What does [Service du Travail Obligatoire (the wartime labor draft)] tell us about the broader nature of the Vichy regime? Most obviously, it shows how resistance, collaboration, passivity and Pétainism always overlapped. Not everyone who evaded STO, or who helped others to do so, was a resistant. Some réfractaires specifically refused to recall their experience in terms of the Resistance or, like Yves Laurent, they distinguished between Resistance and resistance. Some people avoided STO in ways that involved serving the German war economy or even in ways, such as joining the Milice, that involved outright collaborationism. The very confusion of labour policy in France in 1943 and 1944 makes it hard to classify actions in simple categories. Vichy was divided, as some officials sabotaged policies that were pursued by others. The Germans, too, were divided. Different leaders in Berlin had different views about how best to exploit French labour and, especially in 1944, German agencies in France were desperate to secure their own labour supplies even if they did so at the expense of other German employers. The result of this was that many people ‘resisted’ STO by ‘collaborating’ with some German agency.
Response to STO was not, however, simply a matter of institutions and political structures. Such responses were also rooted in French society. In important respects, the orders of Vichy and the Germans were mediated through French society. The direct use of physical force was rarely effective. Such force could frighten the whole community but it could not track down particular individuals, and violence by outsiders broke down the subtle networks of cohabitation on which the occupation rested. Vichy and the Germans could only make STO work by securing the cooperation of powerful individuals—not just, perhaps particularly not, people who held formal positions. This inevitably meant that the social hierarchies counted for much in the implementation of STO. Some of these hierarchies dated back before 1940. A young man who entered a grande école in 1940 stood a good chance of avoiding STO; a young man who entered Santé prison in 1940 stood almost no chance of avoiding it: it was highly likely that such a person would have ‘volunteered’ in order to escape the high mortality rates of Vichy prisons before 1943 and, if not, he would have been taken in handcuffs to the Gare du Nord.
Pre-war hierarchies were, however, modified by the special circumstances of the occupation. Members of the grande bourgeoisie were protected from being sent to Germany but often had to endure considerable discomfort in order to achieve this. Members of the urban lower middle class were probably less privileged in the context of STO than almost any other social group, including those who would have stood below them before 1940. Agriculture, sometimes a poor relation before 1940, did well and young peasants were probably the only social group who sometimes managed to avoid STO without enduring any other serious inconvenience.
Rooting STO in its social context means recognizing the degree of complicity in its execution.
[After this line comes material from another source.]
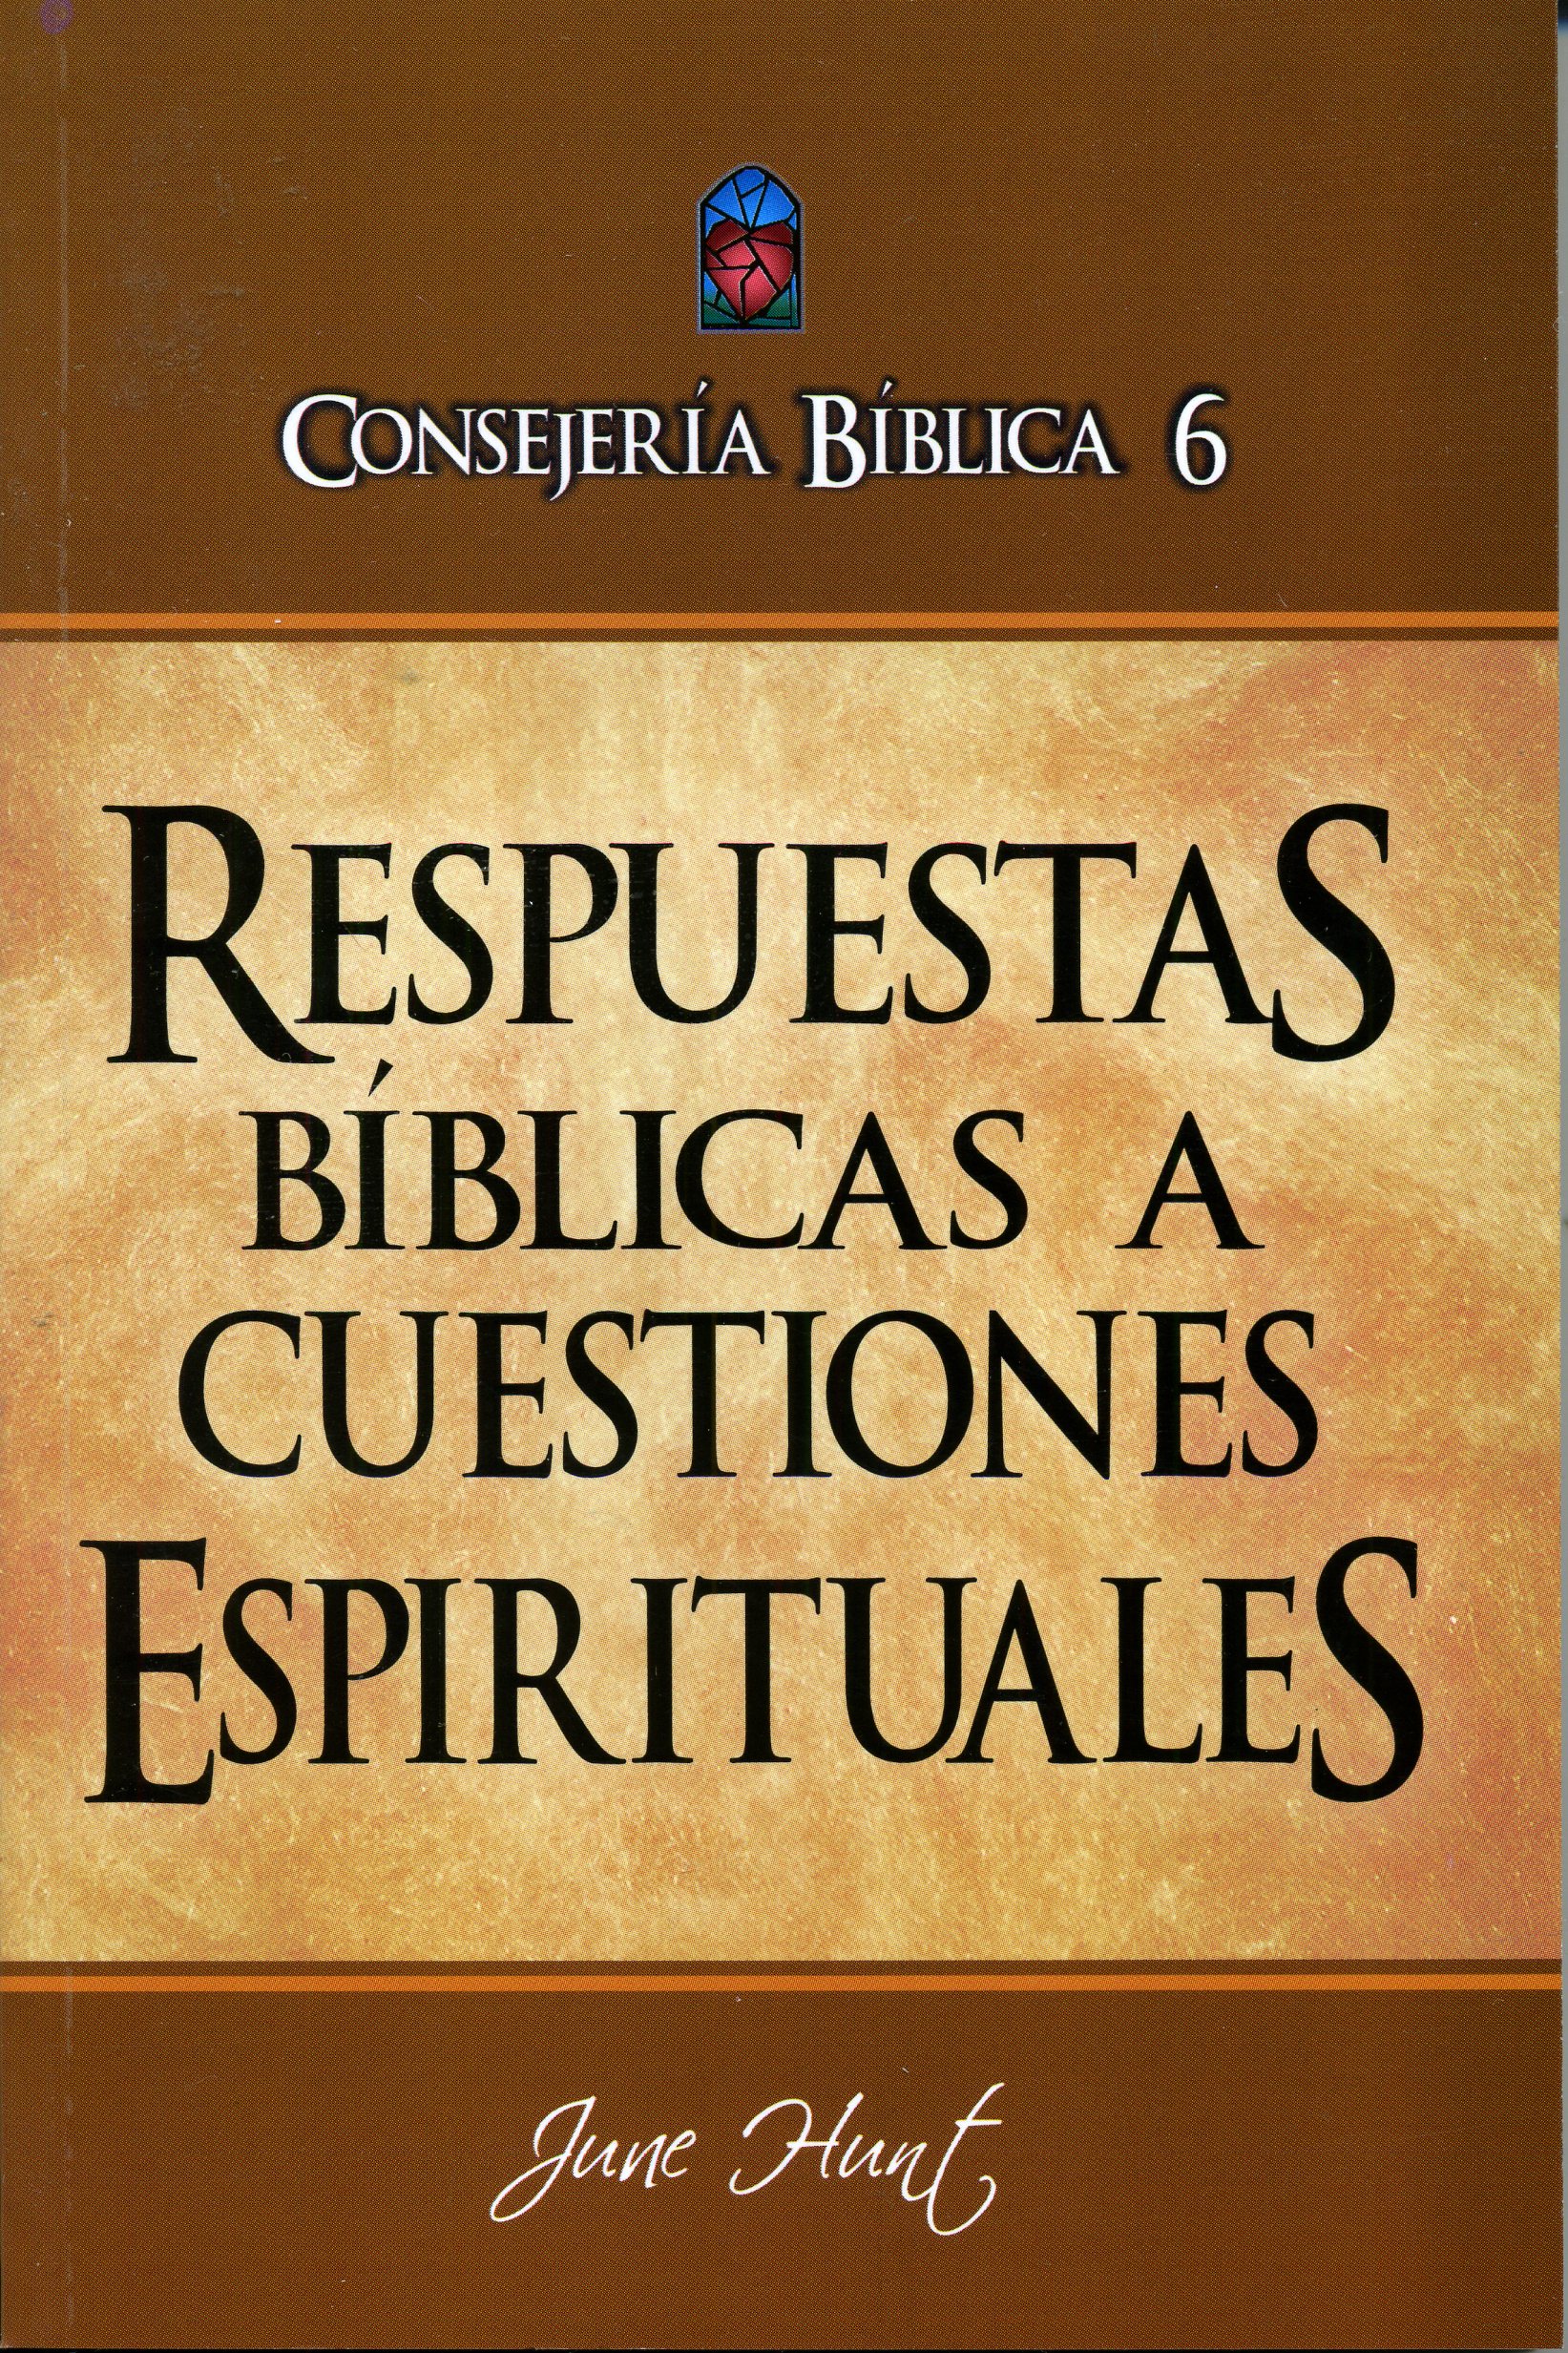 Respuestas Bíblicas a Cuestiones Espirituales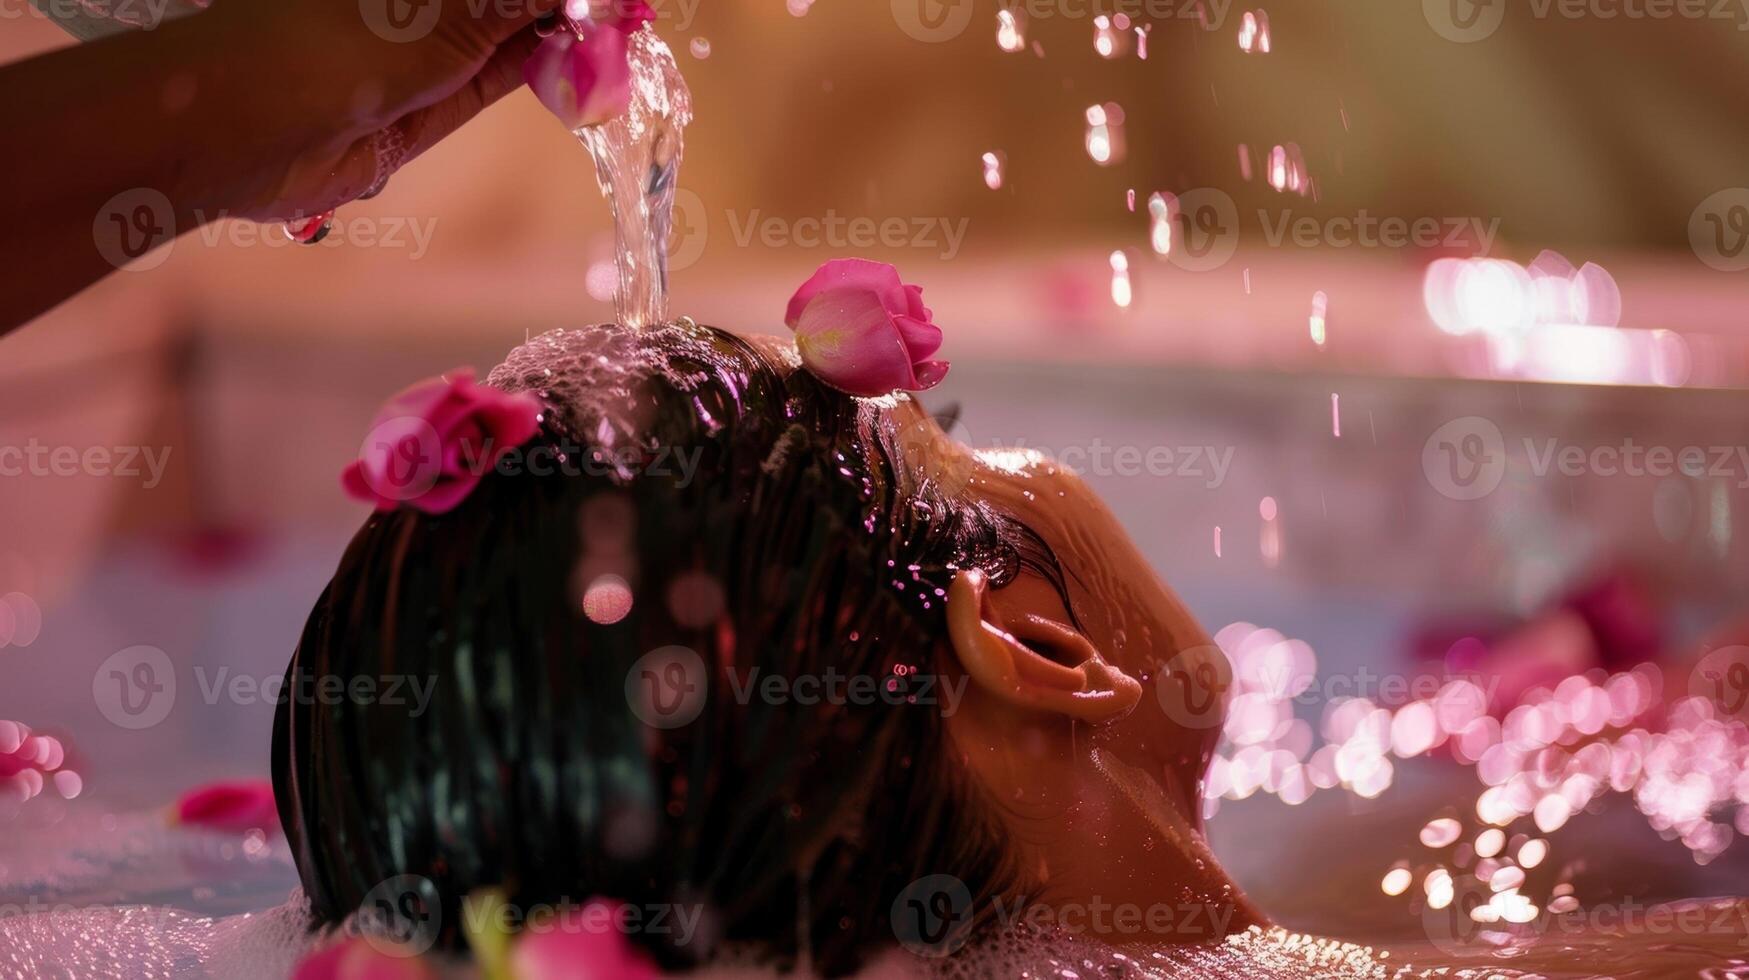 un persona torrencial agua de rosas terminado su pelo mientras en el sauna utilizando el calor a infundir el Rosa olor y dejando su pelo brillante y suave. foto

This complicity did not just involve institutions and elites. The very people that requis de travail [labor draftees] trusted—local notables and, most of all, their own fathers—often encouraged them to go to Germany. Men in authority (and it was mainly men who encouraged departures to Germany) felt that STO was a lesser evil. The departure of a particular cohort of young men, who had thus far avoided military service, was seen as a price worth paying to protect their communities and families from reprisals. As time went on, this calculation changed. The Germans and their French allies had more and more difficulty in tracing particular réfractaires or those who helped them and were increasingly prone to respond with random acts of violence. STO’s legitimacy diminished as it became clear how harsh would be the fate of those who had gone to Germany, and the chances of avoiding it increased as the liberation approached and the Maquis expanded. By the summer of 1944, the circumstances that had made many feel that young men should obey orders to go to Germany in the summer of 1943 seemed remote. By the time the surviving requis de travail returned home in the summer of 1945, the logic that had seemed to require their departure no longer fitted into France’s vision of herself. Some requis now found that they were blamed for going by the very men who had refused them help when they had tried to find escape routes, or that they were encouraged to keep quiet about their experiences by their own families.